Other concerns centre on the political tensions between the two governments and the profits MOL makes from the price differential between Russian Urals crude and Brent oil. Between 2022 and March 2025, Hungary earned close to 900 billion forints (2.3 billion euros) on the price differential between Russian Urals and Brent crude, out of which over 500 billion forints was paid into the Hungarian budget as a windfall tax, while 400 billion remained with MOL, the investigative news site G7 revealed.
Meanwhile, Hungary and Croatia have been at loggerheads since MOL acquired a 49 per cent stake in Croatia’s state energy company INA, including management rights, in 2009. The Croatian government accused MOL’s CEO, Zsolt Hernadi, of bribing the Croatian prime minister at the time, Ivo Sanader, who was sentenced to prison, while an international arrest warrant was issued for Hernadi. The MOL chief executive claims the case against him is politically motivated and denies any wrongdoing, but his international travels have been seriously curtailed by the case. Sanader was released on parole in July after serving 11 years of an 18-year jail sentence.

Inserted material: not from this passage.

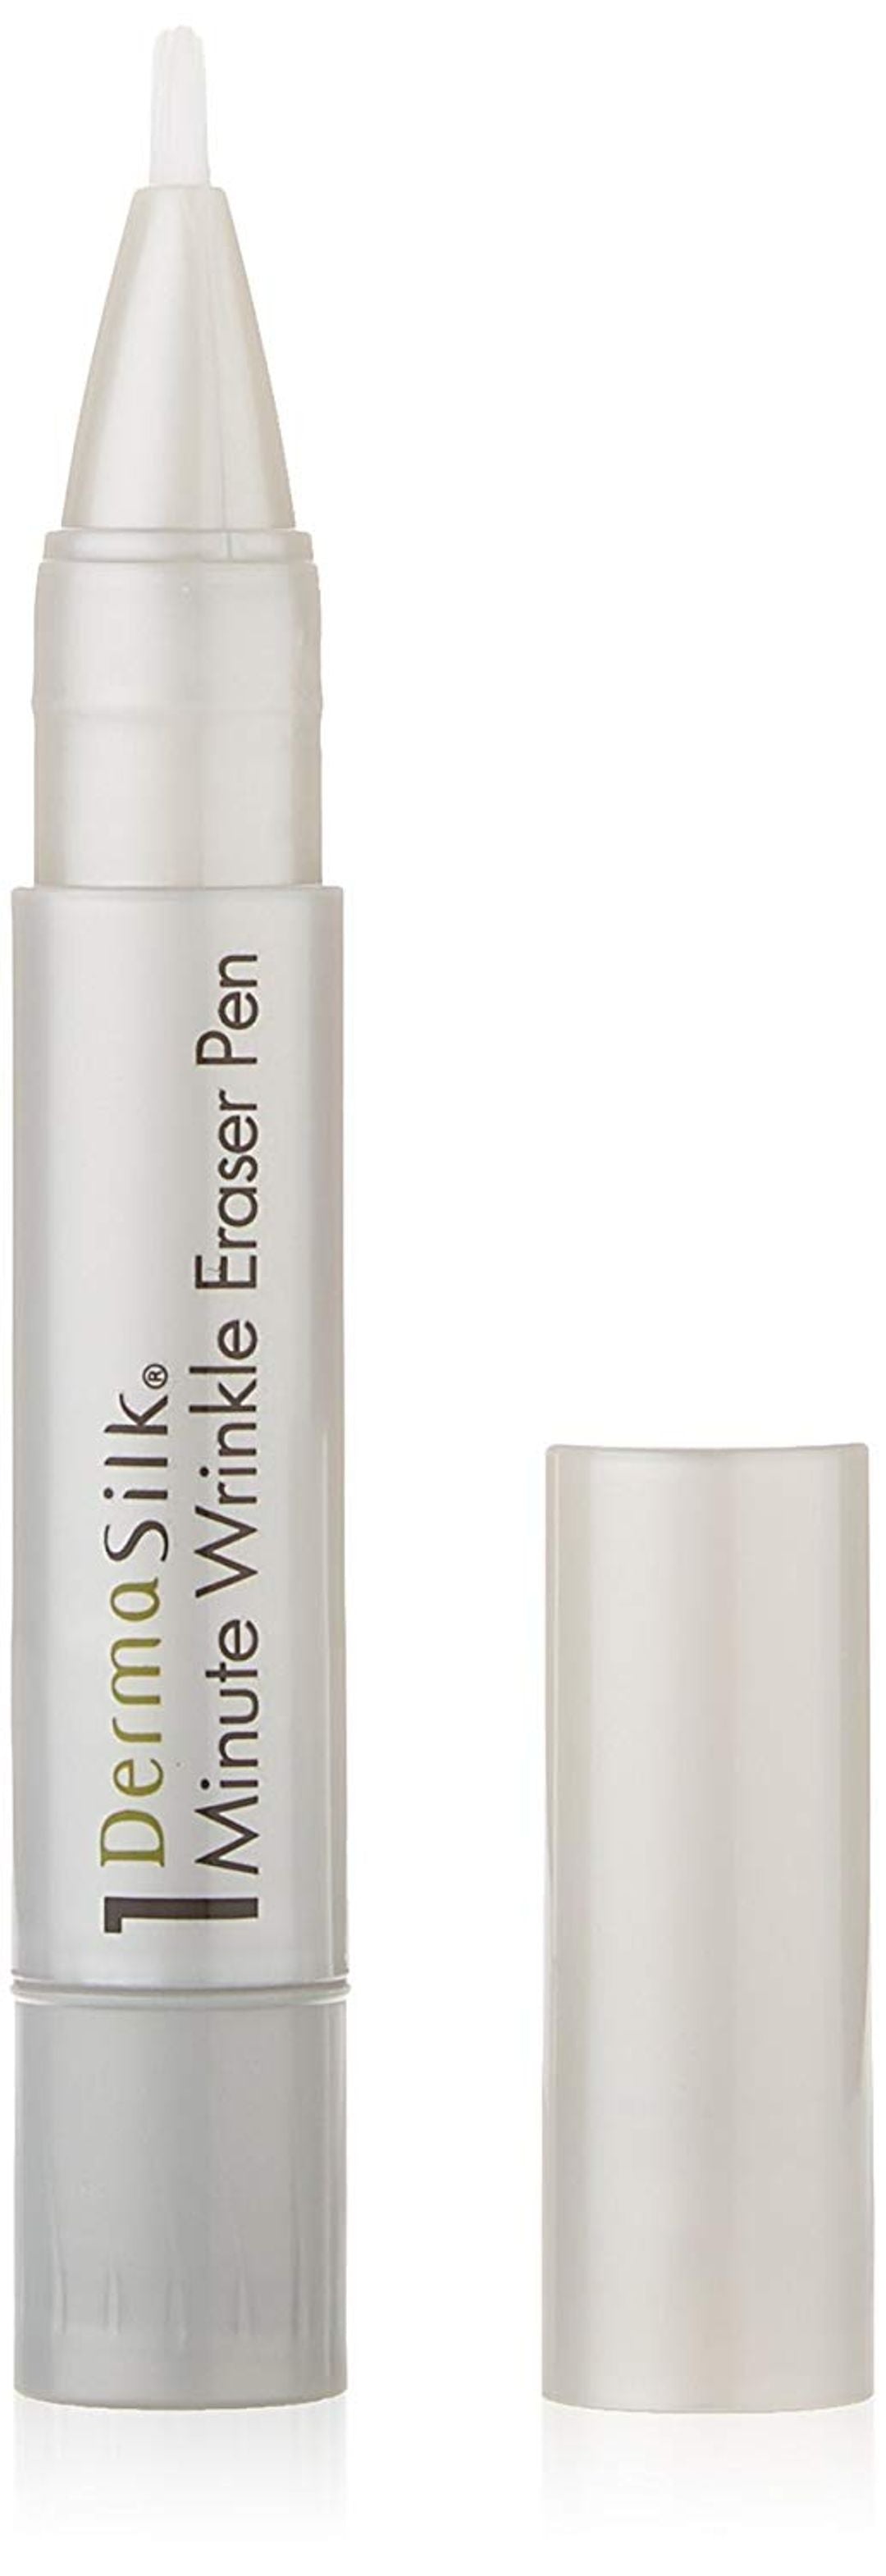 DermaSilk 1 Minute Anti-Wrinkle Complex Erase Pen 0.13 Ounce
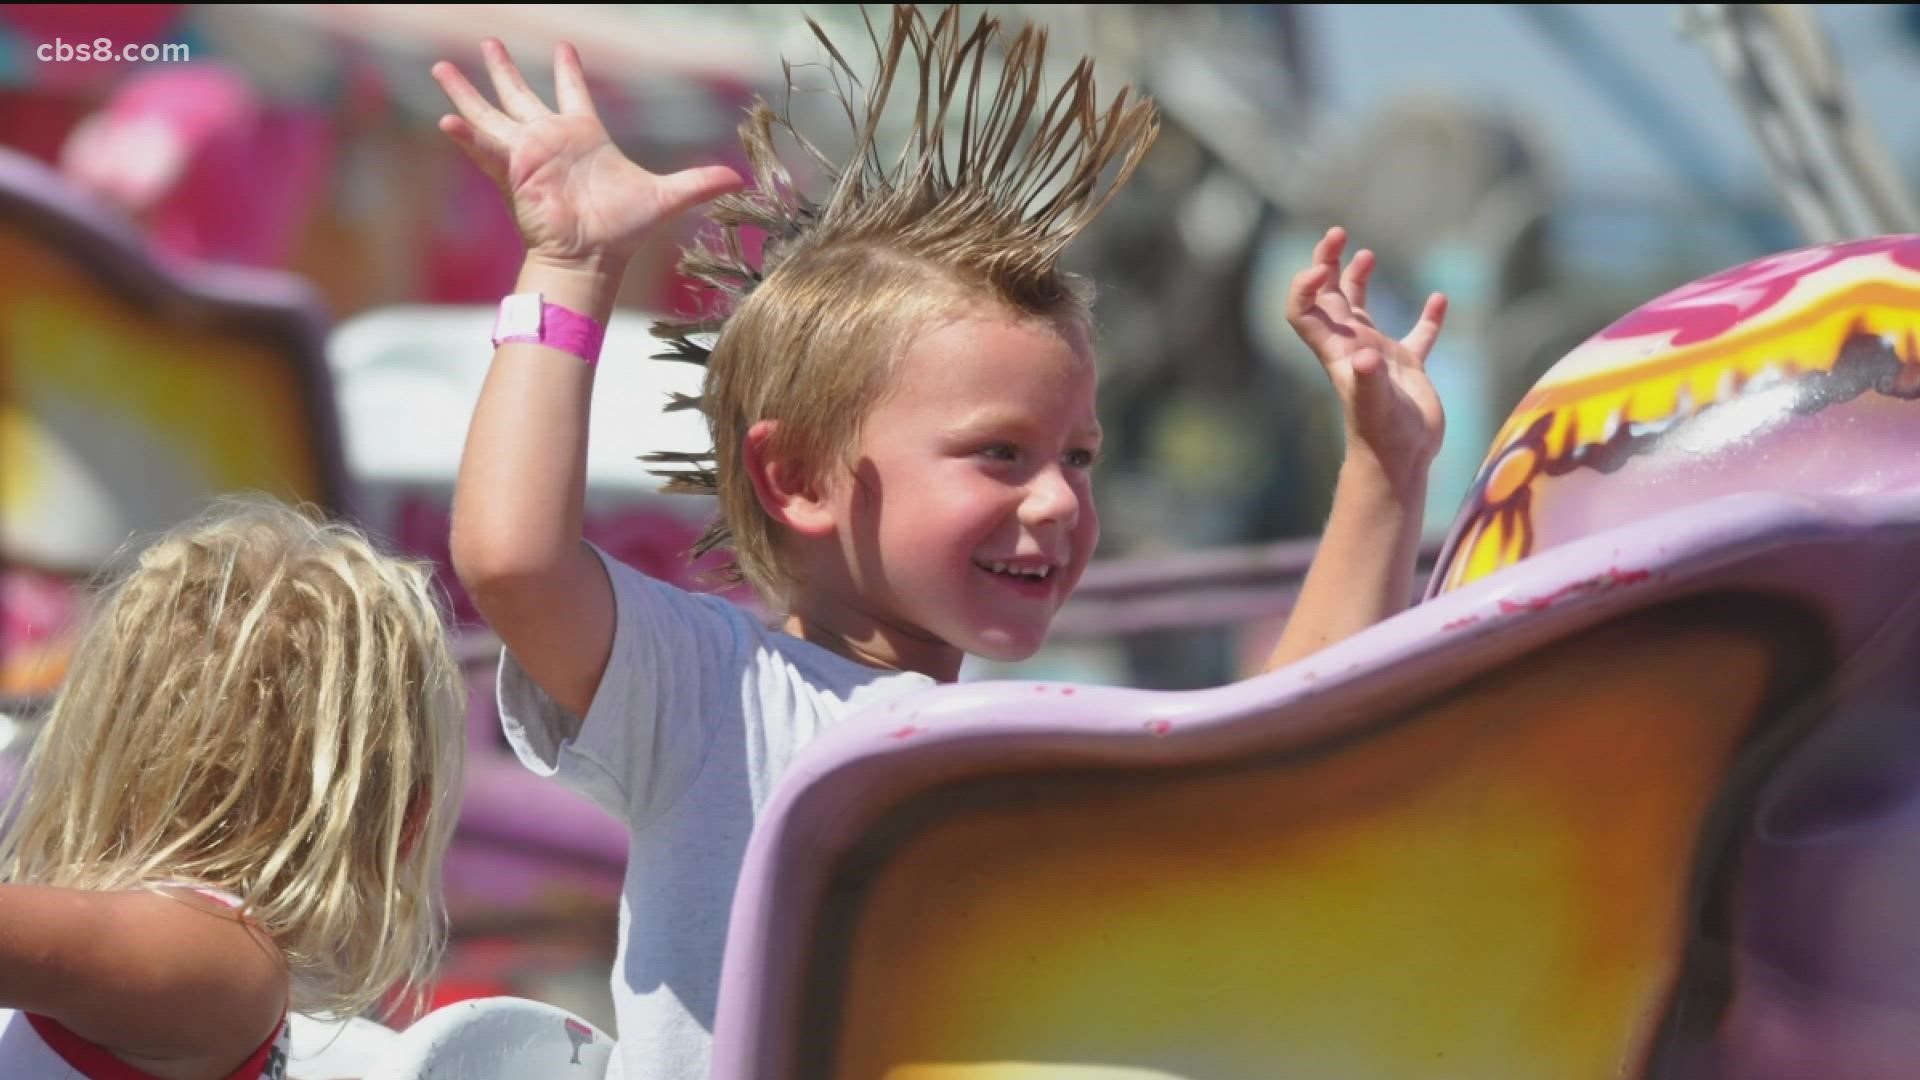 The fair features live music, amusement park rides, barrel racing and a cornhole competition.

The energy analyst Pletser concedes “it is a strained relationship” between Hungary and Croatia. “A high-level meeting between the prime ministers would probably help and a long-term contract for yearly 10-12 million tonnes could be signed. The pipeline should be tested gradually, to see whether it can really reliably supply the region with crude oil.”
The Hungarian political expert Kiszelly also sees the problem as more political than practical: “We don’t want to be entirely at Croatia’s mercy, especially when their government regularly votes against Hungary in the EU.”
He also argues that Russian Urals crude is of superior quality to Western variants, providing MOL with a range of valuable byproducts. Moreover, it remains Russia’s last major energy link with an EU member state, preserving Moscow’s hope of eventually returning to the lucrative European market once the war ends.